Per me Alonso è più scarso di Antonelli, non vale più di 10 milioni


----------



## BossKilla7 (30 Agosto 2016)

Conte è impazzito


----------



## ralf (30 Agosto 2016)

corvorossonero ha scritto:


> Ultima ora di Sky, la Fiorentina e il Chelsea di Antonio Conte sono ad un passo dall'accordo per Marcos Alonso, per 27 mln di euro. Nel frattempo i viola stanno sondando il terreno per un sostituto, Criscito tra i preferiti.



Se gli vendono anche uno tra Badelj e Valero, Sousa si dimette seduta stante .


----------



## corvorossonero (30 Agosto 2016)

ralf ha scritto:


> Se gli vendono anche uno tra Badelj e Valero, Sousa si dimette seduta stante .



tanto ormai si dimette lo stesso...dai su fate un ultimo sforzo per farlo andare via prendendo De Sci e noi Badelj.


----------



## Dany20 (30 Agosto 2016)

prebozzio ha scritto:


> Per me Alonso è più scarso di Antonelli, non vale più di 10 milioni


.


----------



## Roten1896 (30 Agosto 2016)

corvorossonero ha scritto:


> Vero, ma siamo a 1 giorno dalla fine del calciomercato. In preda alla disperazione si può proporre.

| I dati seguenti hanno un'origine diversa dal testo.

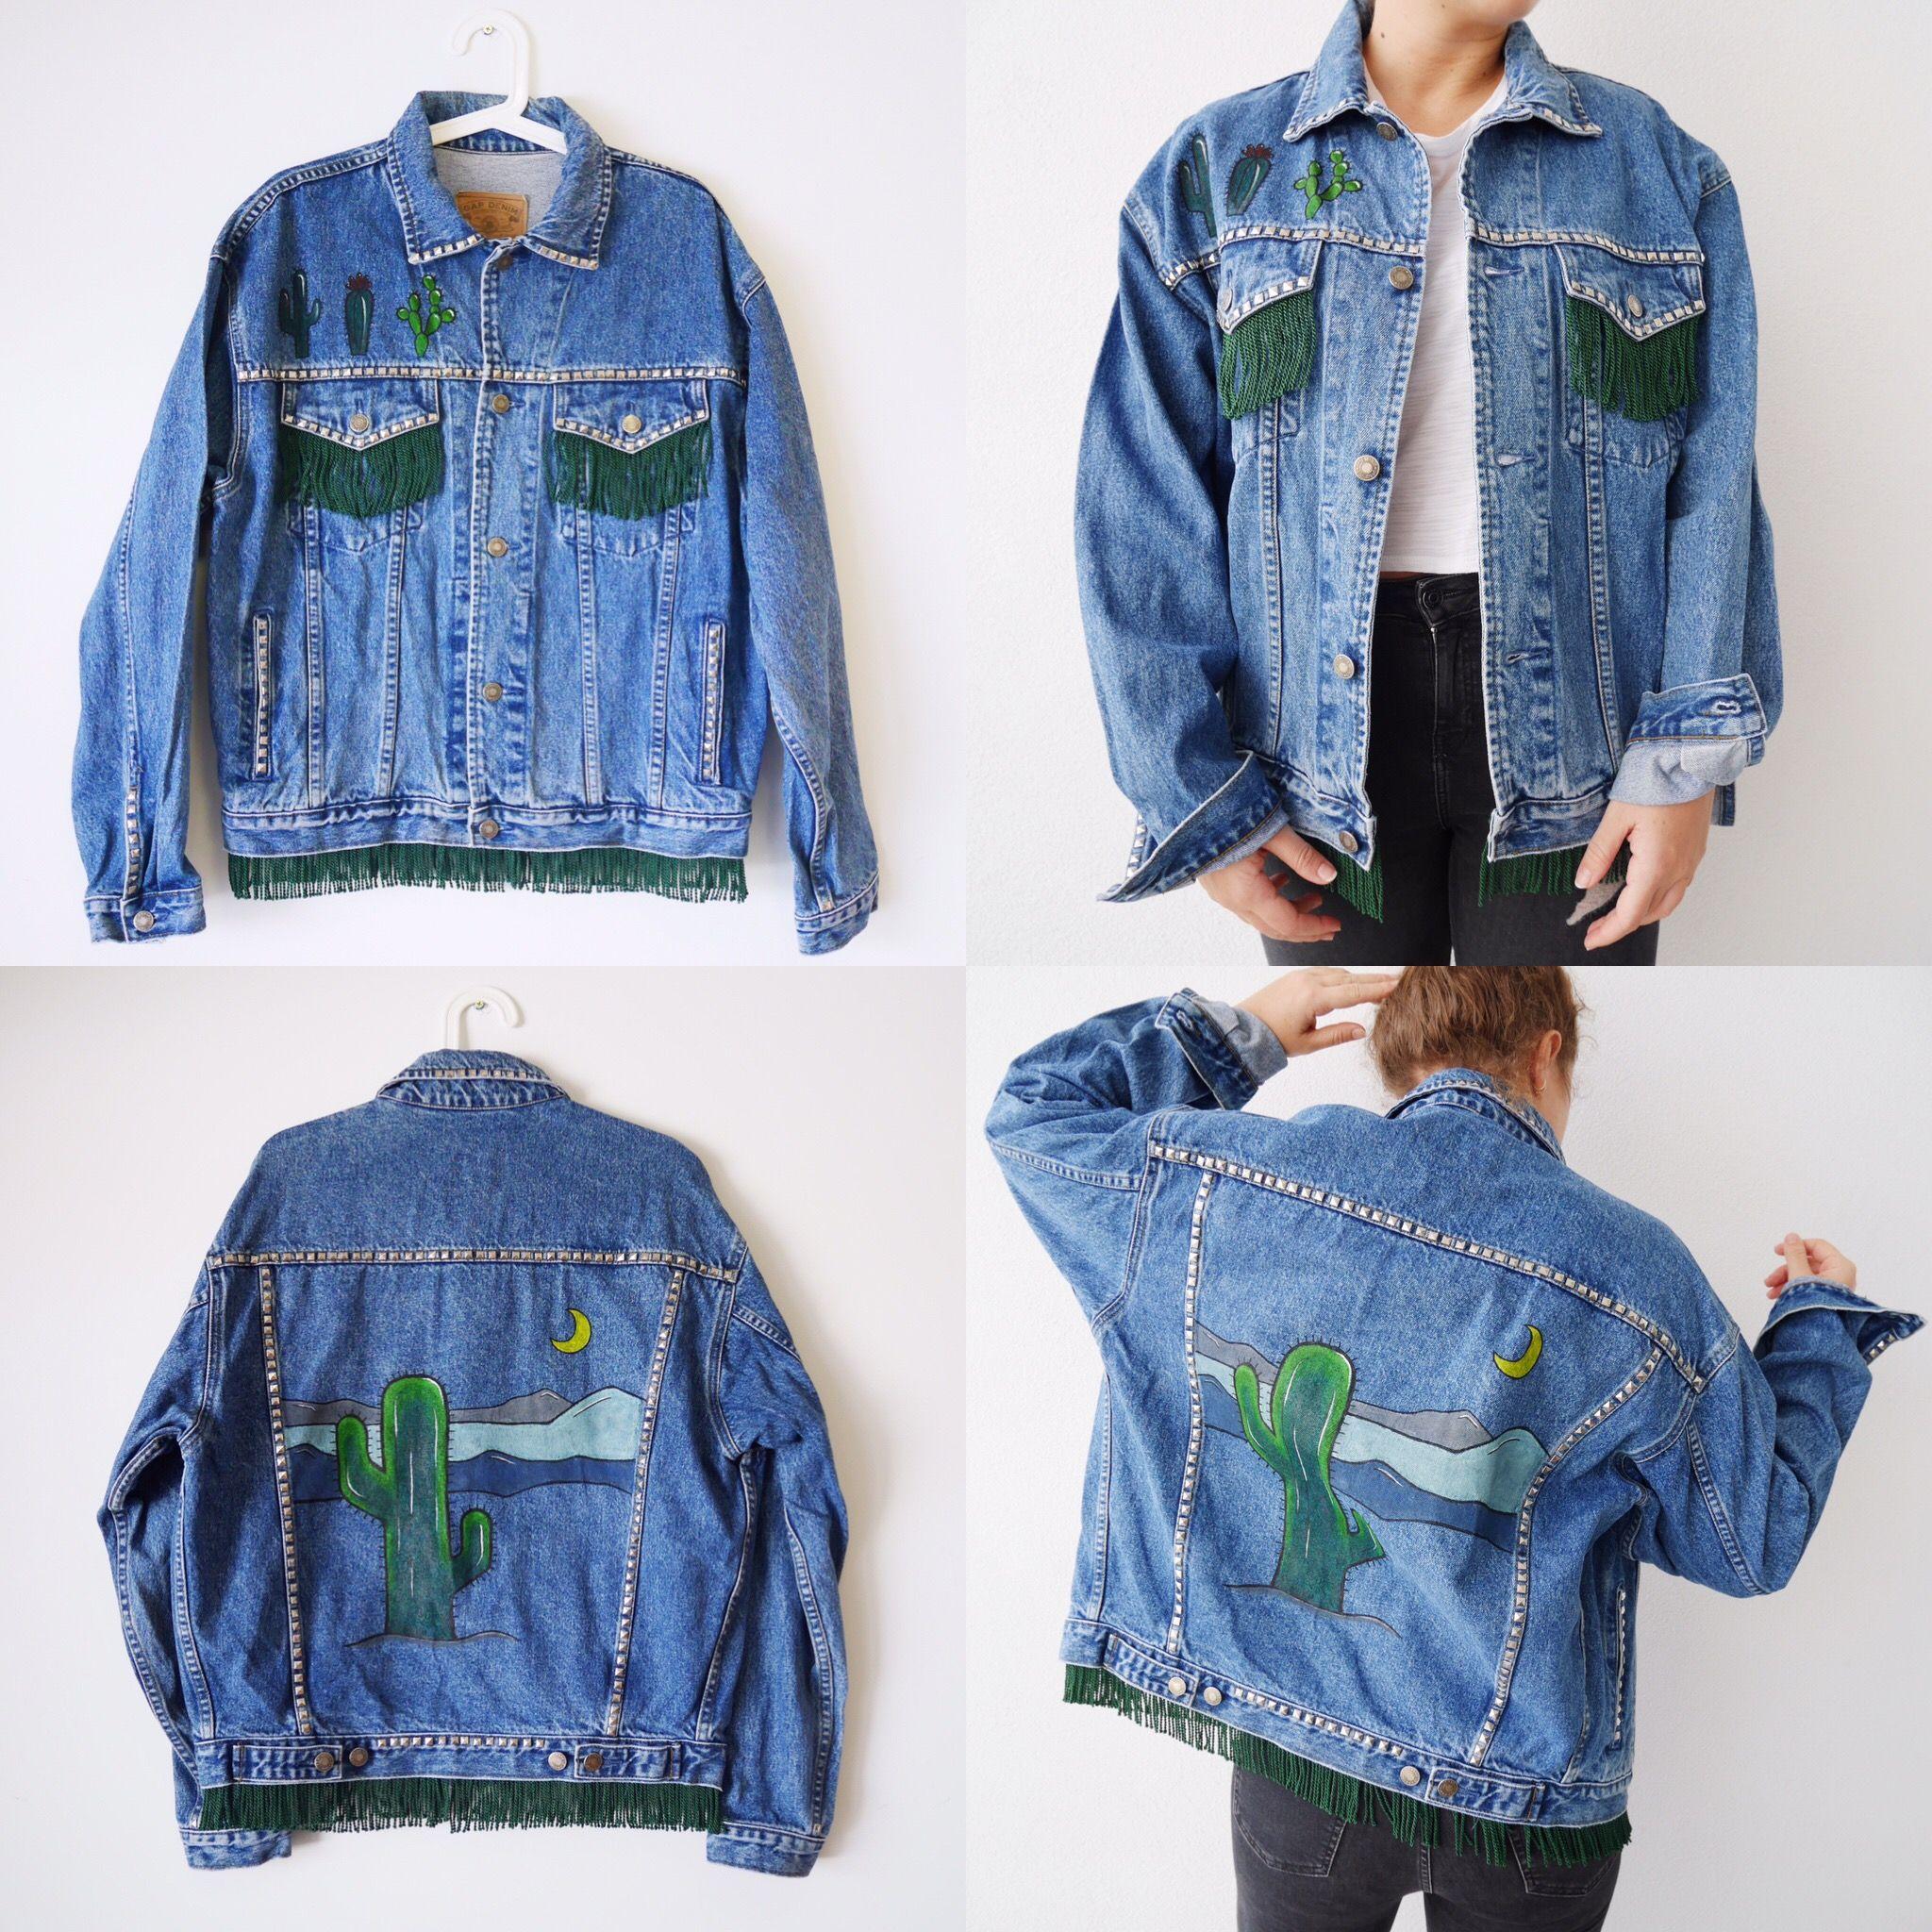 Hand Painted Oversized Vintage Denim Jacket On Etsy Cactus In Desert With Studs And Fringe Jean Jacket Outfits Painted Denim Jacket Diy Denim Jacket

ricordati che le offerte alla fiorentina all'ultimo giorno sono ritenute "tardive, irricevibili e inopportune"


----------



## Jino (30 Agosto 2016)

Fabiuzzo90 ha scritto:


> intanto secondo Premium Sousa starebbe per dare le dimissioni...la causa probabilmente il mercato...

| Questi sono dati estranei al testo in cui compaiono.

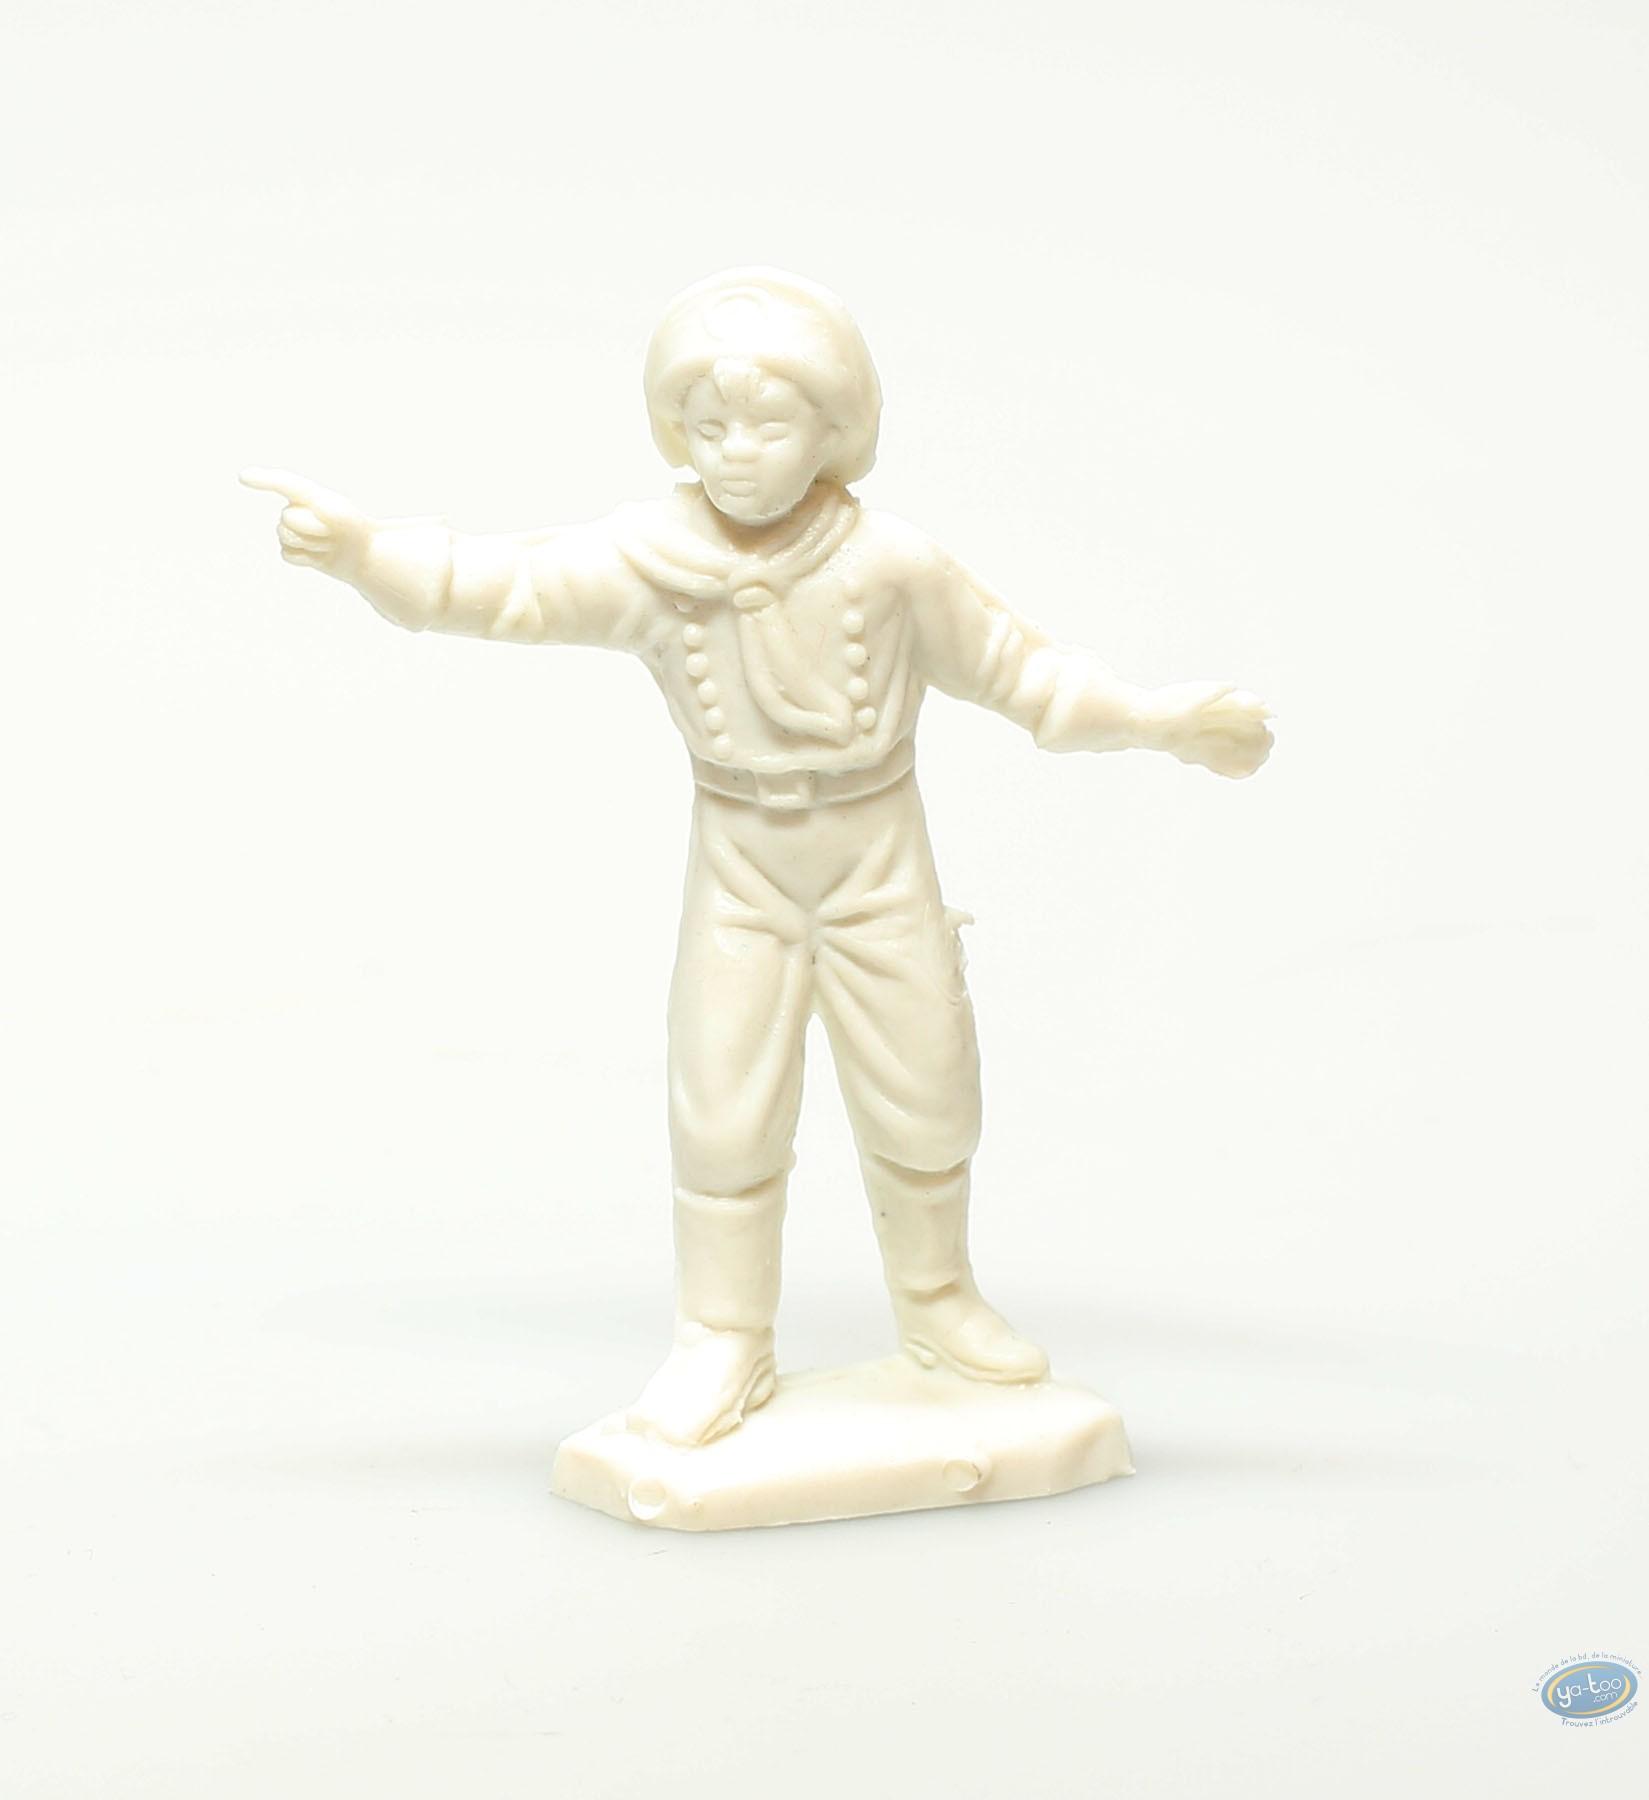 Plastic Figurine, Rintintin : Plastic figure : Young boy pointing white

Praticamente per lo stesso motivo di Montella. A Firenze parlano sempre di grandi progetti ed ambizioni, poi però puntualmente fanno un mercato normalissimo. Allora sei in contrasto, vuoi esser ambizioso o no? Non mi sorprenderei dell'addio di Sousa, già ci pensava lo scorso anno.


----------



## Jaqen (31 Agosto 2016)

Si ma.. è chiaro che la dirigenza vende un giocatorino come Alonso per 27 milioni. Come dice preb, Antonelli è già di un'altra categoria. Antonelli eh.


----------



## juventino (31 Agosto 2016)

A quella ci fra fanno benissimo a venderlo. Corvino comunque ha fatto un mercato abbastanza imbarazzante.


----------



## Stex (31 Agosto 2016)

27 milioni per un wc... pazzi


----------



## robs91 (31 Agosto 2016)

Jaqen ha scritto:


> Si ma.. è chiaro che la dirigenza vende un giocatorino come Alonso per 27 milioni. Come dice preb, Antonelli è già di un'altra categoria. Antonelli eh.

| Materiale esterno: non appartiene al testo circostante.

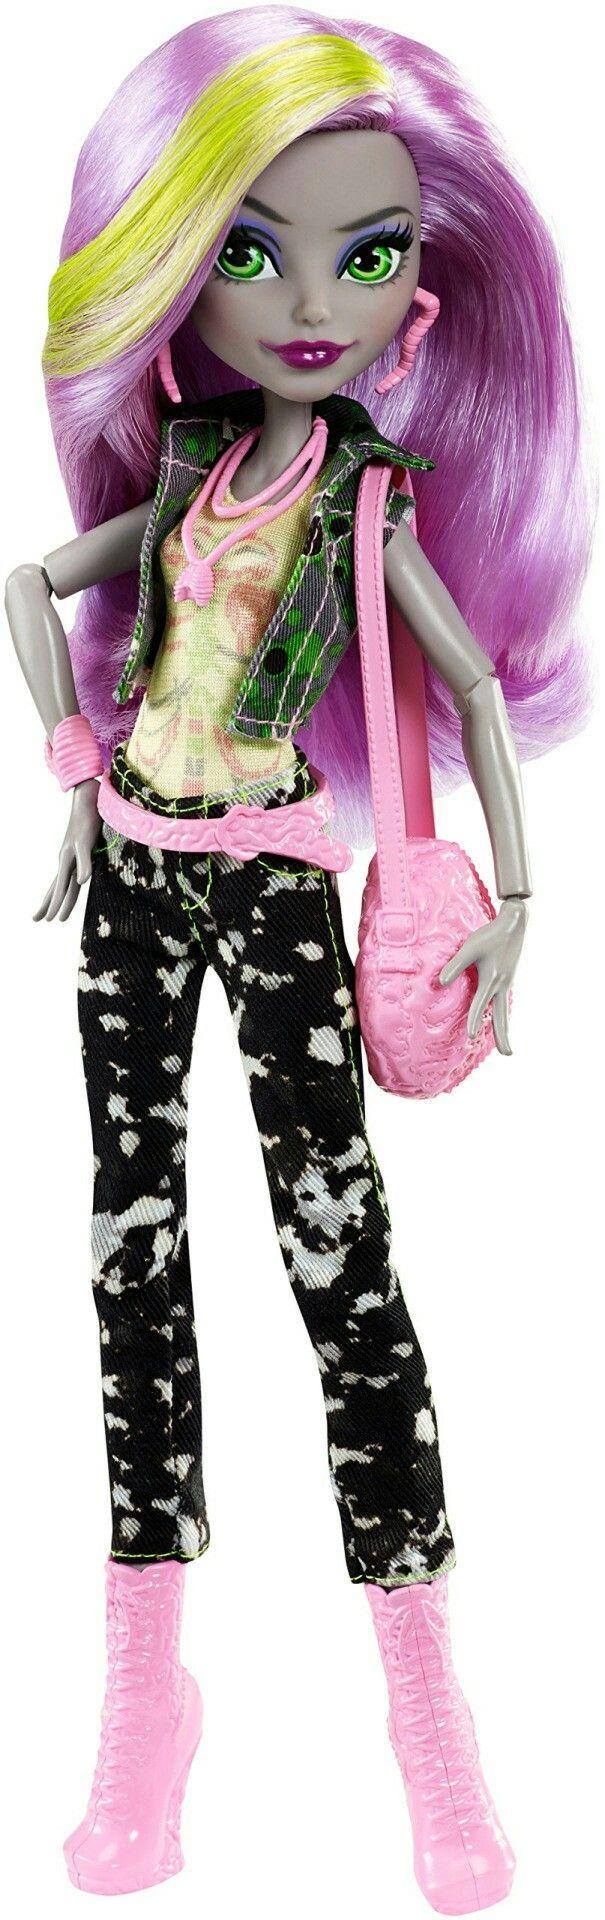 Moanica D'Kay -- Monster High doll.

ma esattamente in cosa è meglio Antonelli rispetto ad Alonso?


----------



## tifoso evorutto (31 Agosto 2016)

Jino ha scritto:


> Praticamente per lo stesso motivo di Montella. A Firenze parlano sempre di grandi progetti ed ambizioni, poi però puntualmente fanno un mercato normalissimo. Allora sei in contrasto, vuoi esser ambizioso o no? Non mi sorprenderei dell'addio di Sousa, già ci pensava lo scorso anno.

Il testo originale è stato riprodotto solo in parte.